Your First Deep Learning Project in Python with Keras Step-By-Step

Overview
There is not a lot of code required, but we are going to step over it slowly so that you will know how to create your own models in the future.
We take the following steps: • LoadDataset
• DefineKerasModel.
• CompileKerasModel. • FitKerasModel.
• EvaluateKerasModel. • MakePredictions

A few requirements
• You have Python 2 or 3 installed
• You have SciPy (including NumPy) installed
• You have Keras and a backend (Theano or TensorFlow) installed

1. Load Dataset

What is our dataset?
• We are going to use the Pima Indians onset of diabetes dataset.
• This is a standard machine learning dataset from the UCI Machine Learning repository
• It describes patient medical record data and whether they had an onset of diabetes within five years.
• It is a binary classification problem
• All of the input variables that describe each patient are numerical
• This makes it easy to use directly with neural networks that expect numerical input and output values
• The dataset is available from here:
• Dataset CSV File (pima-indians-diabetes.csv) • Dataset Details

Load Libraries
• Download the dataset and place it in your local working directory, the same location as your python file.
• The first step is to define the functions and classes we intend to use
• We will use the NumPy library to load our dataset and we will use two classes from the Keras library to define our model.
from keras.models import Sequential from keras.layers import Activation, Dense from numpy import loadtxt

1. Load Dataset
• We can split the array into two arrays by selecting subsets of columns using the standard NumPy slice operator.
• We can select the first 8 columns from index 0 to index 7 via “dataset[:,0:8]”. • We can then select the output column (the 9th variable) via “dataset[:,8]”.
# load the dataset
dataset = loadtxt(‘pima-indians-diabetes.csv’, delimiter=’,’) # split into input (X) and output (y) variables
X = dataset[:,0:8]
y = dataset[:,8]

• If this is new to you, then you
can learn more about array
slicing and ranges in this link:
How to Index, Slice and Reshape NumPy Arrays for Machine Learning in Python
Index, Slice and Reshape NumPy Arrays

2. Define Keras Model

2. Define Keras Model
• Models in Keras are defined as a sequence of layers.
• We create a Sequential model and add layers one at a time until we
are happy with our network architecture.
• The first thing to get right is to ensure the input layer has the right number of input features.
• This can be specified when creating the first layer with the input_dim argument and setting it to 8.
Why 8?!

• This is a very hard question!
• There are heuristics that we can use and often the best network structure is found through a process of trial and error experimentation.
• Generally, you need a network large enough to capture the structure of the problem.
How do we know the number of layers?

2. Define Keras Model
• In this example, we will use a fully-connected network structure with three layers.
• Fully connected layers are defined using the Dense class.
• We can specify the number of neurons or nodes in the layer as the first argument
• We can specify the activation function using the activation argument
• In this example, we will use the rectified linear unit activation function referred to as ReLU on the first two layers and the Sigmoid function in the output layer.

2. Define Keras Model
• It used to be the case that Sigmoid and Tanh activation functions were preferred for all layers. These days, better performance is achieved using the ReLU activation function.
• We use Sigmoid on the output layer to ensure our network output is between 0 and 1.

2. Define Keras Model
• We can piece it all together by adding each layer:
• The model expects rows of data with 8 variables (input_dim=8 )
• The first hidden layer has 12 nodes and uses the relu activation function.
• The second hidden layer has 8 nodes and uses the relu activation function. • The output layer has one node and uses the sigmoid activation function.
# define the keras model
model = Sequential()
model.add(Dense(12, input_dim=8, activation=’relu’)) model.add(Dense(8, activation=’relu’)) model.add(Dense(1, activation=’sigmoid’))

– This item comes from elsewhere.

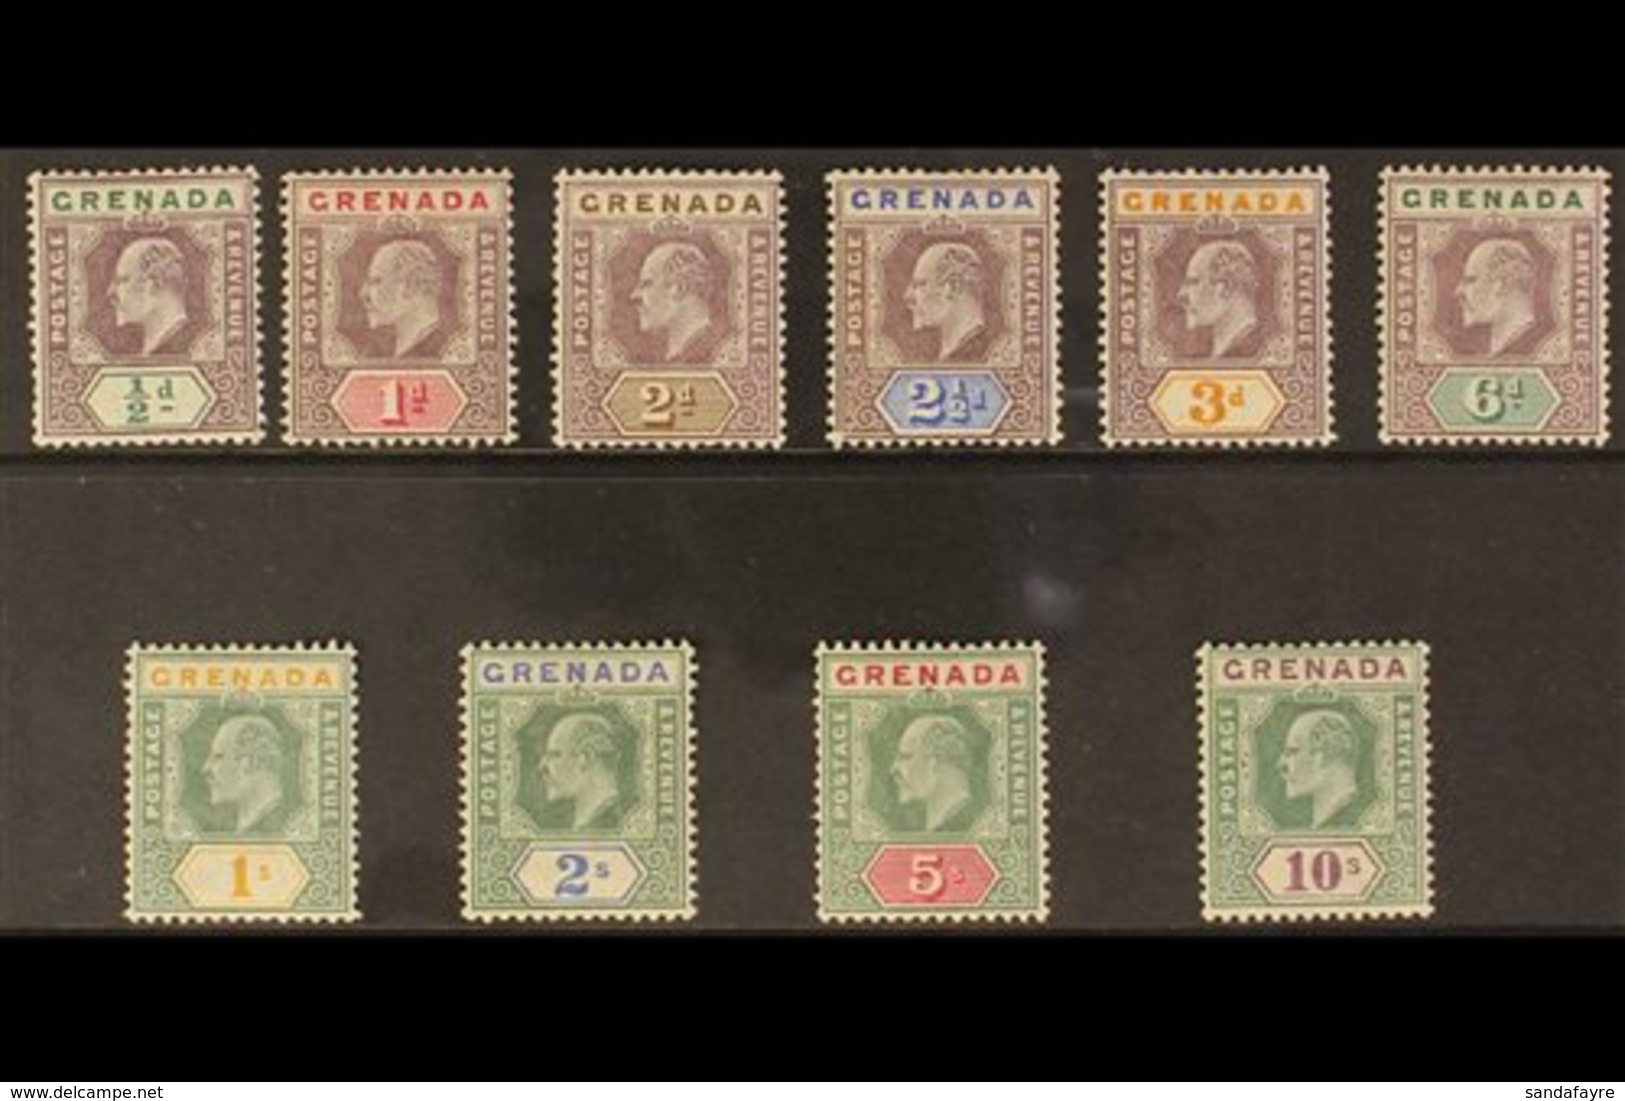 1902 King Edward VII Complete Definitive Set, Watermark Crown CA, SG 57/66, Very Fine Mint With Some Of The Stamps Never - Grenada (...-1974)

•The most confusing thing here is that the shape of the input to the model is defined as an argument on the first hidden layer.
Note!

3. Compile Keras Model

3. Compile Keras Model
• Now that the model is defined, we can compile it.
• Compiling the model uses efficient numerical libraries under the
covers (the so-called backend) such as Theano or TensorFlow.
• The backend automatically chooses the best way to represent the network for training and making predictions to run on your hardware, such as CPU or GPU or even distributed.

3. Compile Keras Model
• When compiling, we must specify some additional properties required when training the network.
• Remember training a network means finding the best set of weights to map inputs to outputs in our dataset.

What are additional properties we need to set when training the network?

Additional
properties
We must specify the loss function to use to evaluate a set of weights
We must specify the optimizer which is used to search through different weights for the network
Any optional metrics we would like to collect and report during training.

What do we set in our example?!
• We will use “cross entropy” as the loss function
• This loss function is usually used for binary classification problems • It is defined in Keras as “binary_crossentropy“
• We will define the optimizer as the efficient stochastic gradient descent algorithm “adam”.
• This is a popular version of gradient descent
• it automatically tunes itself and gives good results in a wide range of problems.
• Finally, because it is a classification problem, we will collect and report the classification accuracy, defined via the metrics argument.

3. Compile Keras Model : Code
# compile the keras model
model.compile(loss=’binary_crossentropy’, optimizer=’adam’, metrics=[‘accuracy’])

4. Fit Keras Model

4. Fit Keras Model
• We have defined our model and compiled it ready for efficient computation. • Now it is time to execute the model on some data.
• We can train or fit our model on our loaded data by calling the fit() function. • Training occurs over epochs and each epoch is split into batches.

4. Fit Keras Model: Epoch vs. Batch
• One epoch is comprised of one or more batches, based on the chosen batch size • Durring the Training Process : The model is fit for many epochs.
What are Epoch and Bache?!
• Epoch: One pass through all of the rows in the training dataset.
• Batch: One or more samples considered by the model within an epoch.

4. Fit Keras Model: arguments
• The training process will run for a fixed number of iterations through the dataset
called epochs
• We can specify that using the epochs argument.
• We can also set the number of dataset rows that are considered within each epoch, called the batch size and set using the batch_size argument.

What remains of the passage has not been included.